--- START ---

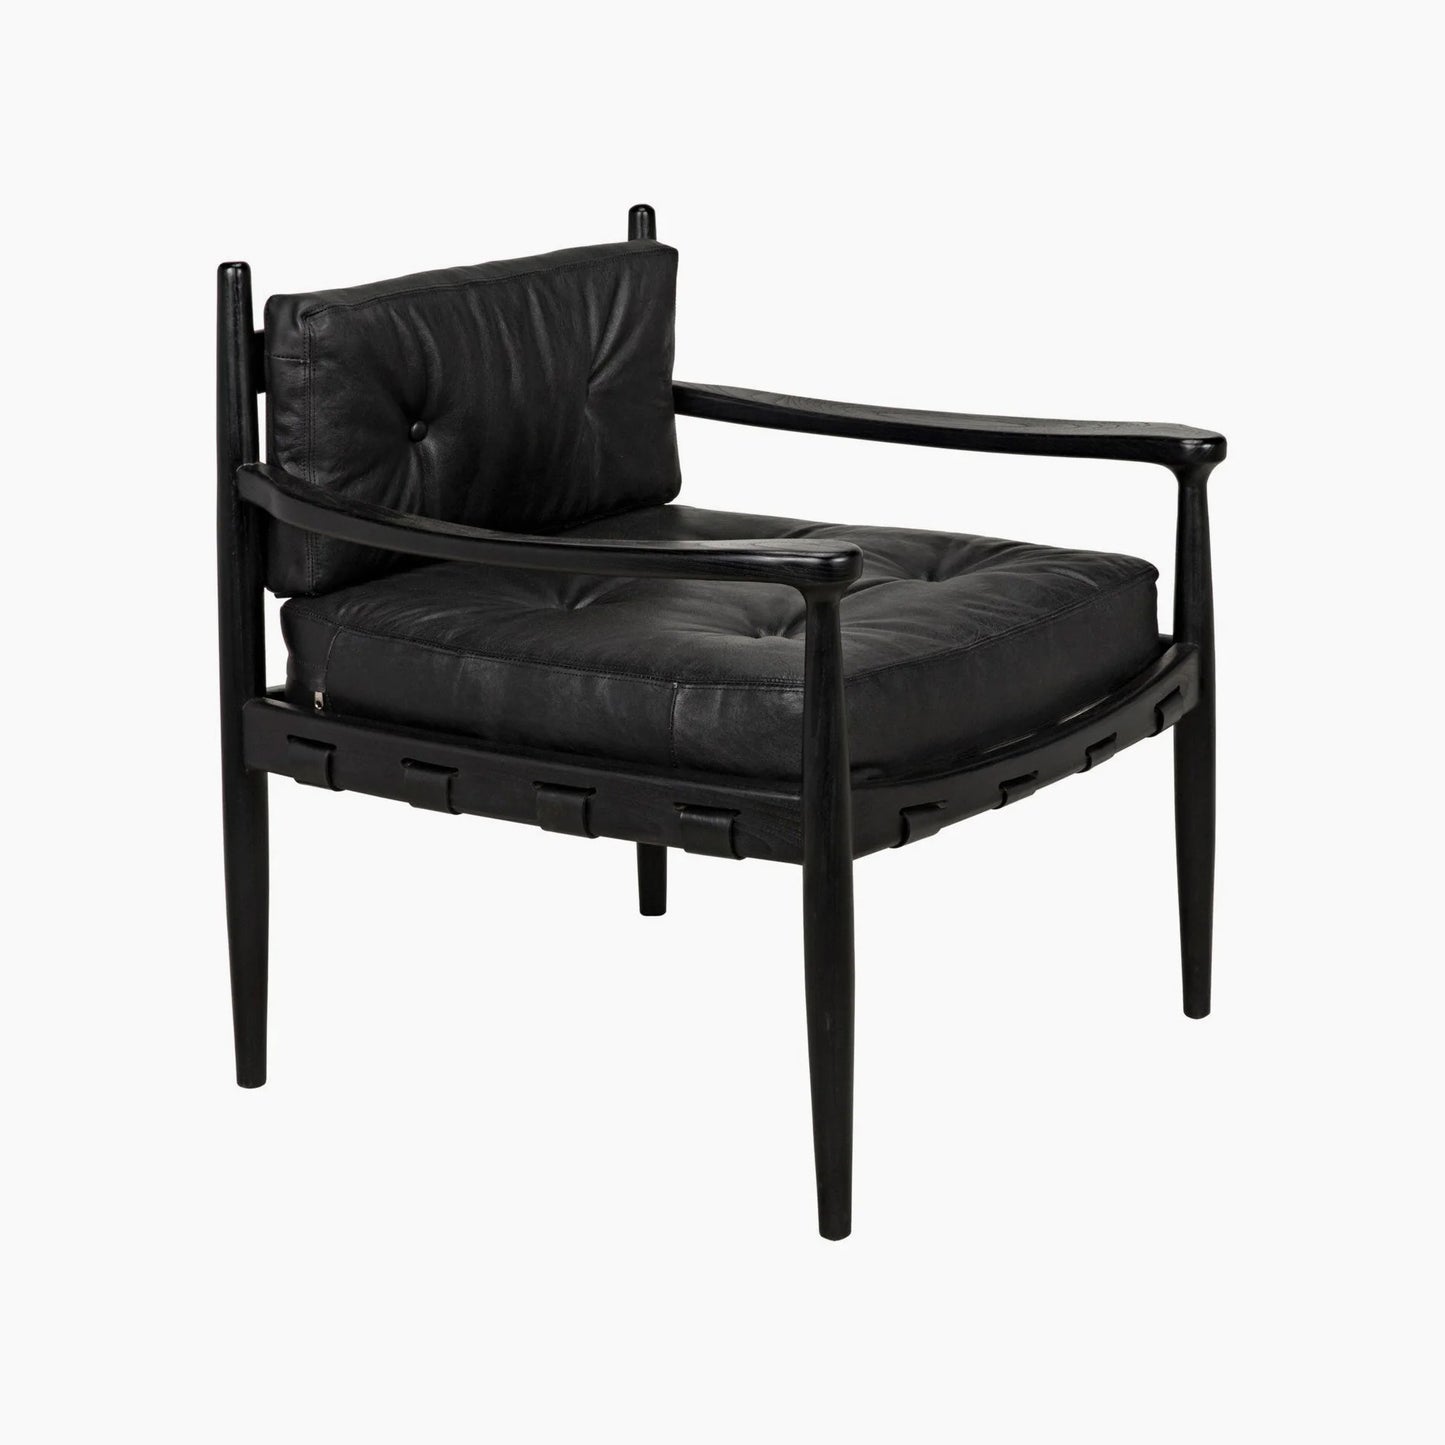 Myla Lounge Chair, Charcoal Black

--- END ---
--- START ---

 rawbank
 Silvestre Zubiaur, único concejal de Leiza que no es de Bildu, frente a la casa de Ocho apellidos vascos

--- END ---
--- START ---

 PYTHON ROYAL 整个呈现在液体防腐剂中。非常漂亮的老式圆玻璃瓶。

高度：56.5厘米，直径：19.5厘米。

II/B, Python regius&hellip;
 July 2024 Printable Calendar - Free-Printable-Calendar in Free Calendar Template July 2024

--- END ---

Copy range, inclusive: the line holding "PYTHON ROYAL 整个呈现在液体防腐剂中。非常漂亮的老式圆玻璃瓶。" to the line holding "July 2024 Printable". Reproduce exactly those lines of the records above and no others.

 PYTHON ROYAL 整个呈现在液体防腐剂中。非常漂亮的老式圆玻璃瓶。

高度：56.5厘米，直径：19.5厘米。

II/B, Python regius&hellip;
 July 2024 Printable Calendar - Free-Printable-Calendar in Free Calendar Template July 2024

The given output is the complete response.